# Other Places Around The World > Europe Travel General Discussion >  >  Greece anyone  .  ?  .  ?  .  .

## DaveM

My wife and I are heading to Mykonos and Kefalonia for the first time next month. Any suggestions for what not to miss, or things a first timer might not know to do or see? I've Google Earthed the research exhaustively, but it's no substitute for advice from those who've visited.

Thanks

----------


## tim

Dave,

We spent a week on Mykonos and a week on Crete, but it's been at least 20 years ago.  We loved both the two islands for their different cultures, but they were like night and day.  Sorry I can't help with recent info, but have a great trip!

----------


## Theresa

We did Santorini and Myknonos about five years ago.  On both islands, we simply played it where it lay.  We decided to take a day trip via ferry to the nearby island of Delos, which was truly fascinating.  I definitely recommend it.

----------


## Skeeter

Make sure to post a trip report.

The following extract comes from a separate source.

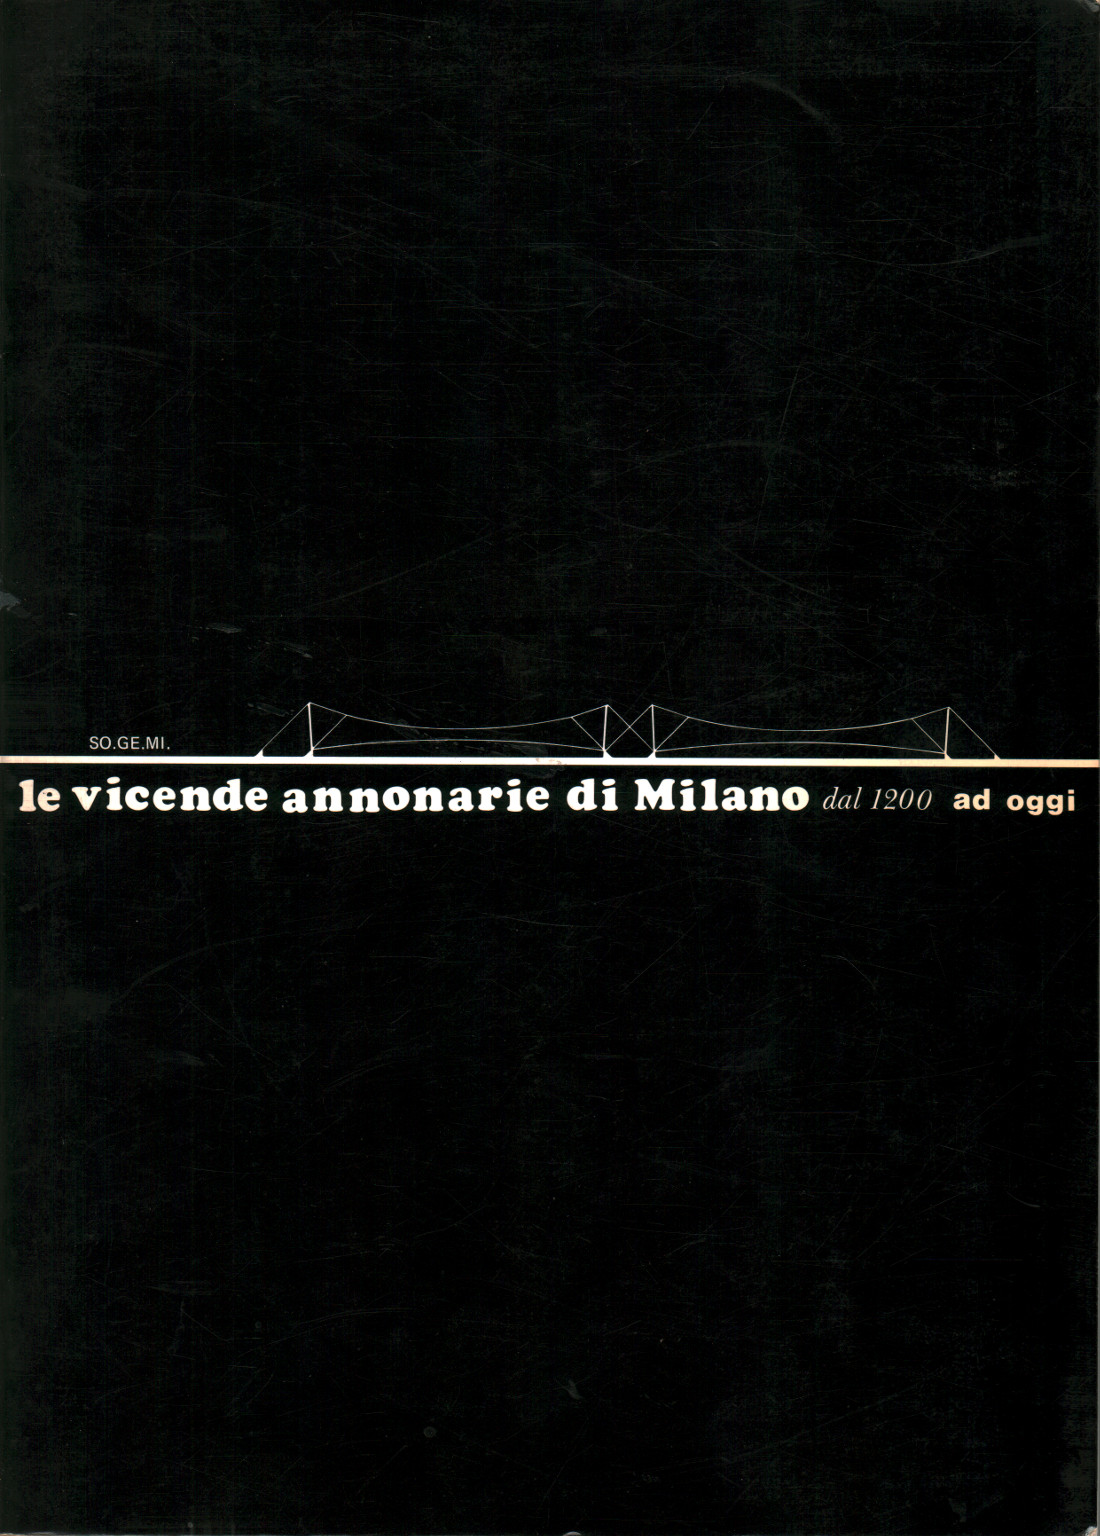 Les événements annotarie de Milan à partir de 1200 à aujourd'hui, s.un.

Next year the family may go to Greece instead of usual destinations of St. Barth or Maui. If so, we will definitely spend a week in Crete visiting family, but I'm looking for places in Greece (either in Crete or elsewhere) where we can go and I will not feel like I'm on display for her family. [I expect to hear many times: "Hi, this is our daughter Vasiliki, her two beautiful children, and her big dumb Irish-American husband].

----------


## Bart -my real name-

Skeeter -
  Did you ever make it to Crete?  I was there in 2008 for a couple weeks in March and a couple in November.  Awesome place!

----------